• [What this task involves]:
Omit all pictures. Quote the lines from the one with "Mahatma Gandhi ;" through the end of the listing below, exactly as they appear.

====== Information provided ======

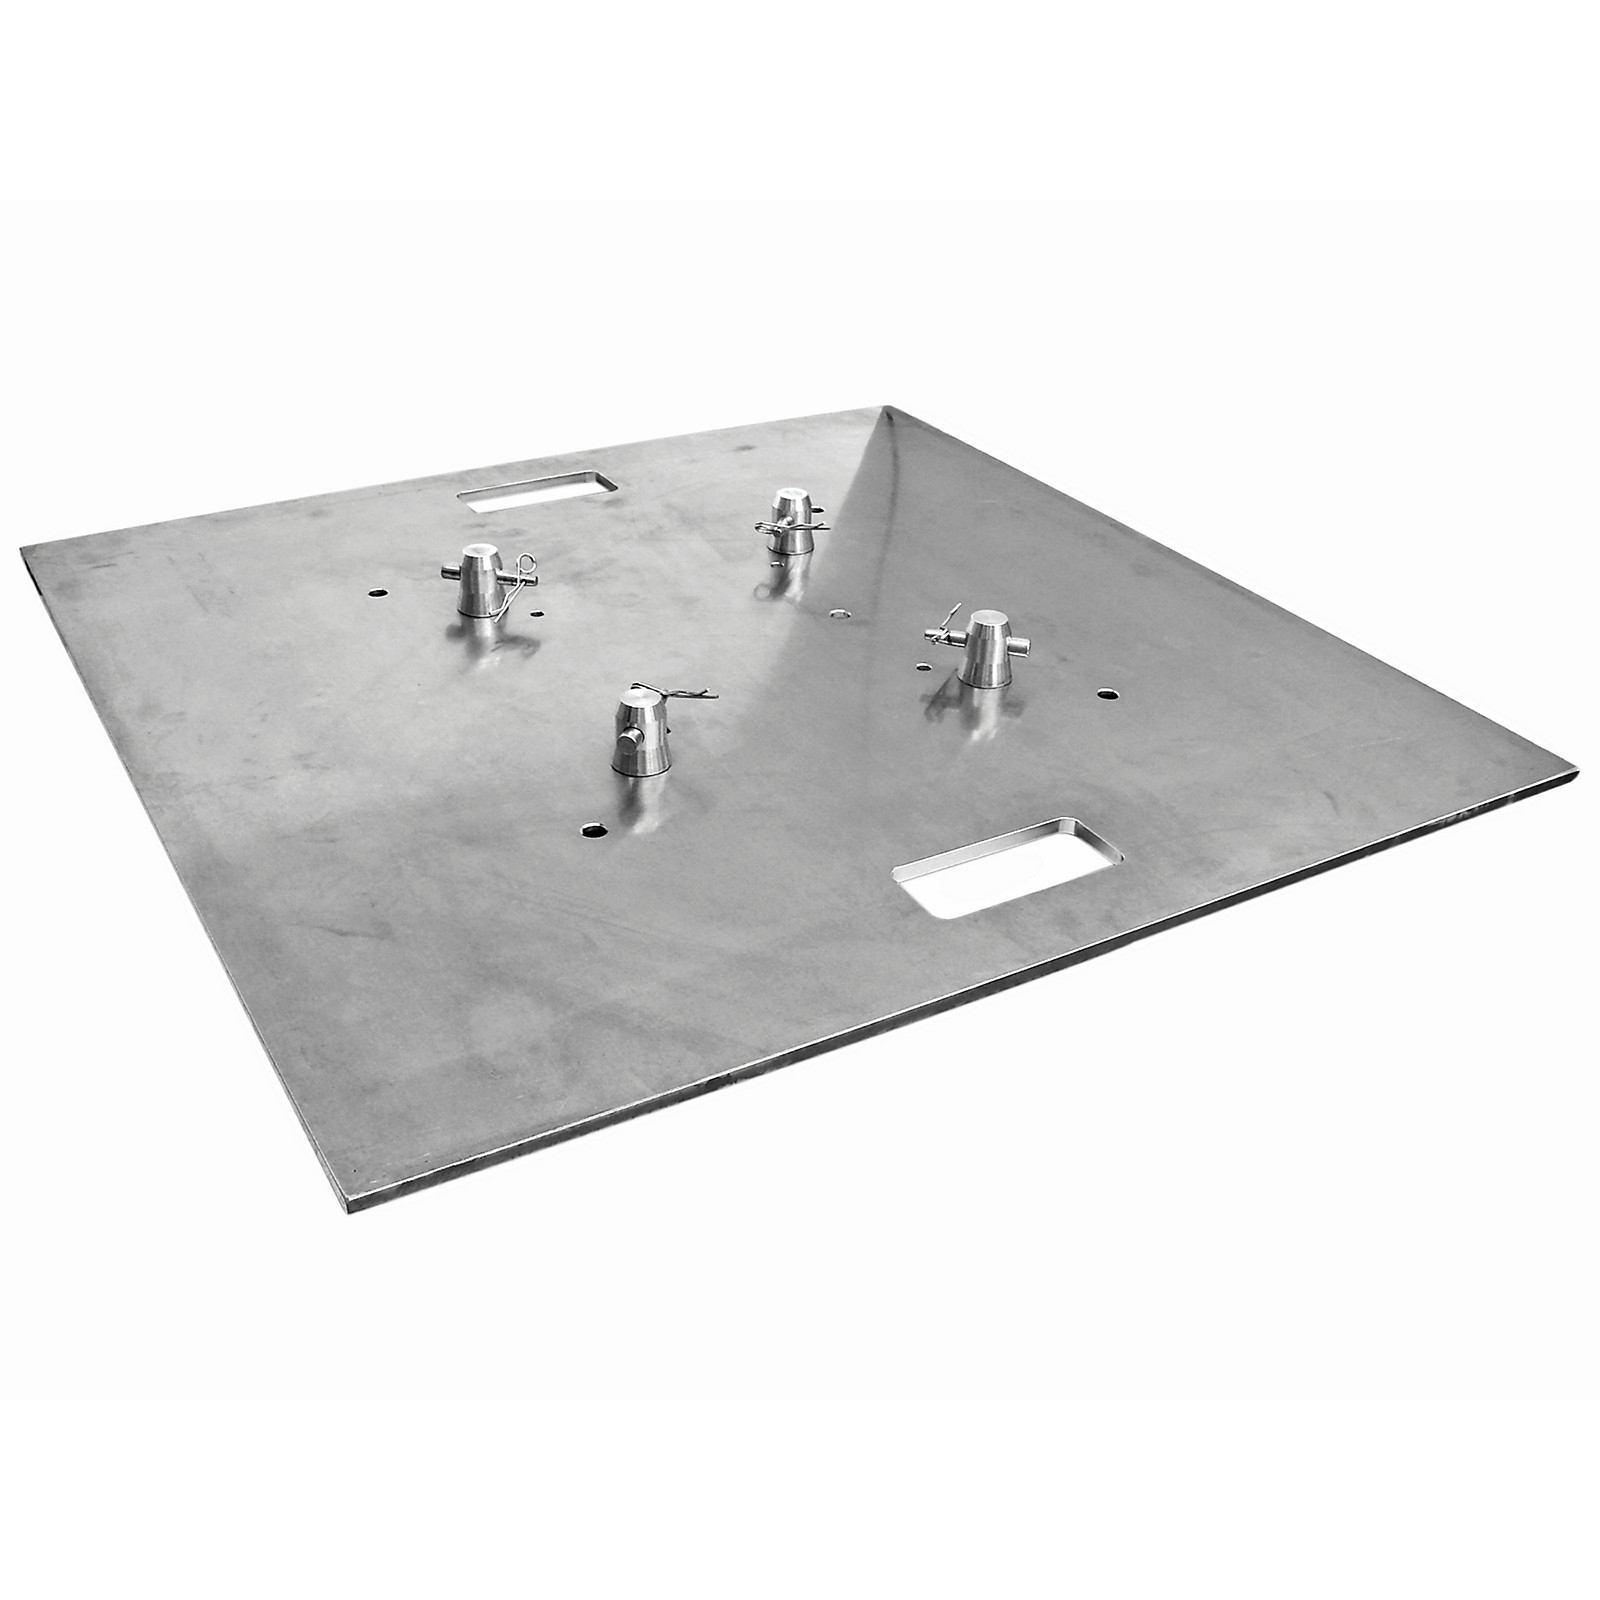 GLOBAL TRUSS BASEPLATE30X30A 30 x 30 In. Aluminum Base Plate
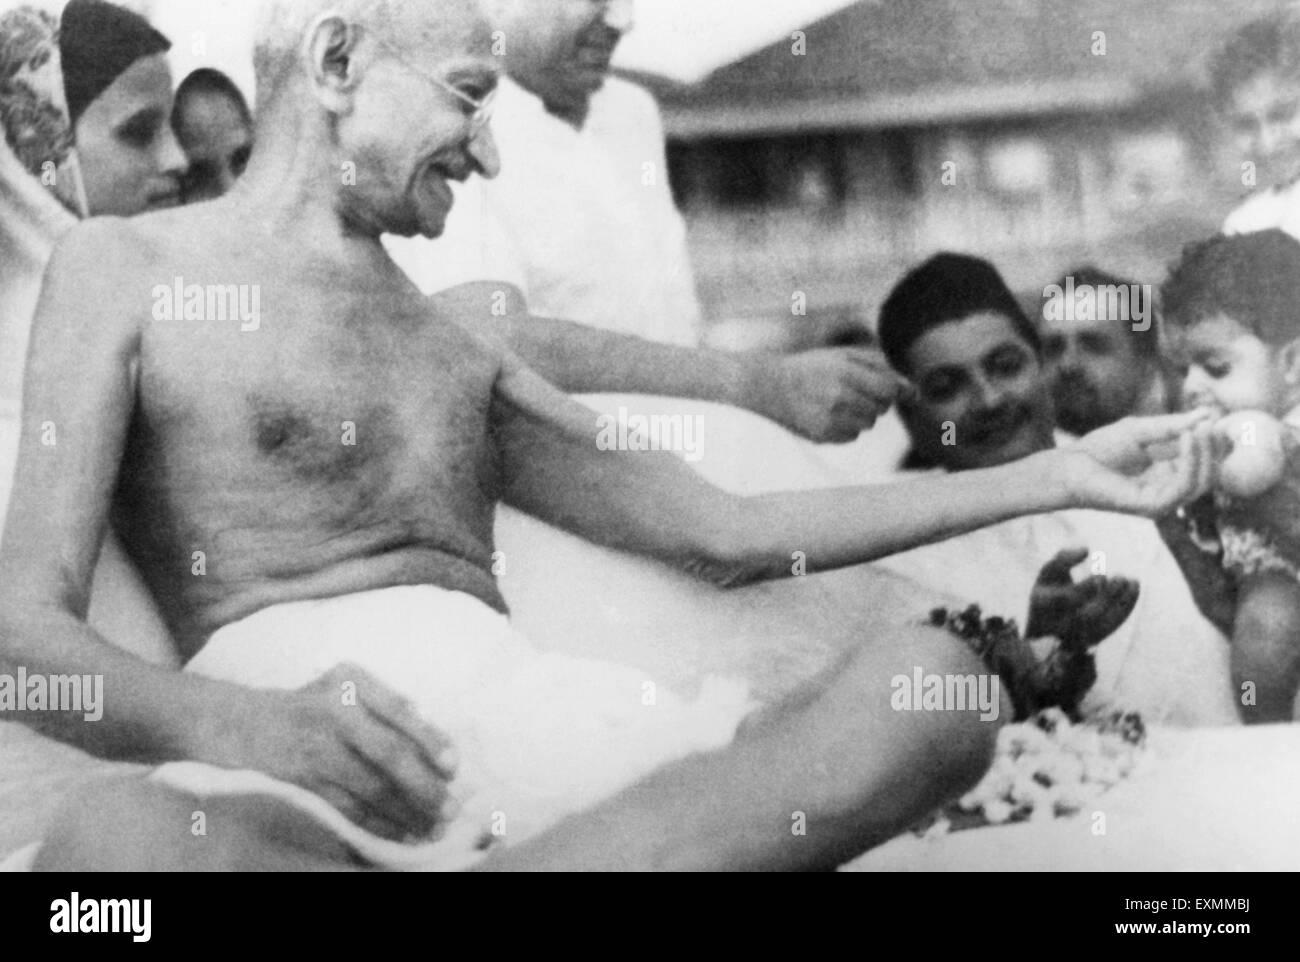 Mahatma Gandhi ; distributing fruits to children at Juhu Beach bombay india May 1944 - Stock Image
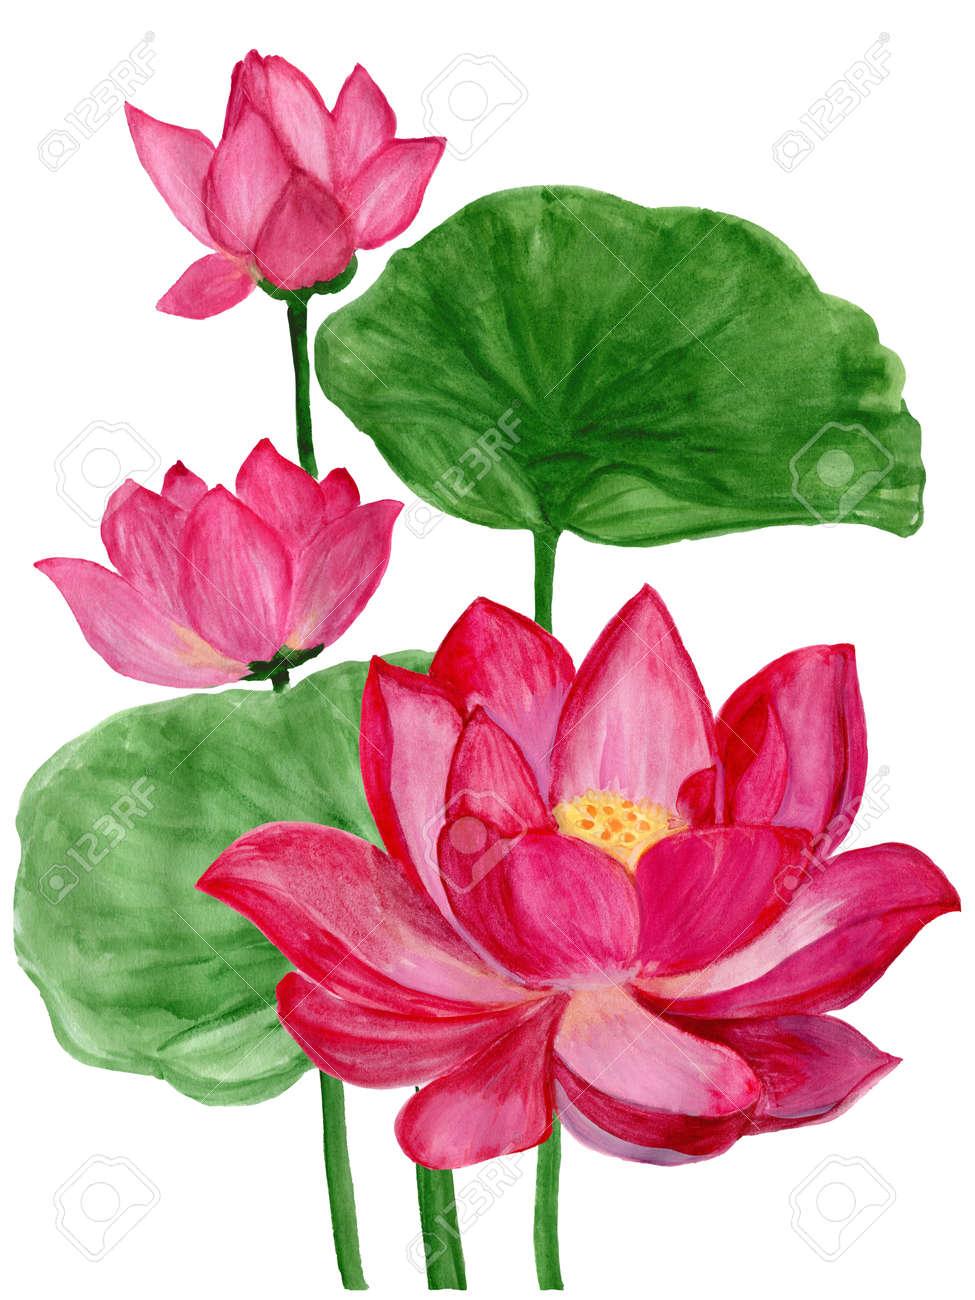 Hand drawn watercolor botanical illustration of lotus flower stock hand drawn watercolor botanical illustration of lotus flower pink stock illustration 74393678 izmirmasajfo Gallery

======

• [Output below]:
 Mahatma Gandhi ; distributing fruits to children at Juhu Beach bombay india May 1944 - Stock Image
 Hand drawn watercolor botanical illustration of lotus flower stock hand drawn watercolor botanical illustration of lotus flower pink stock illustration 74393678 izmirmasajfo Gallery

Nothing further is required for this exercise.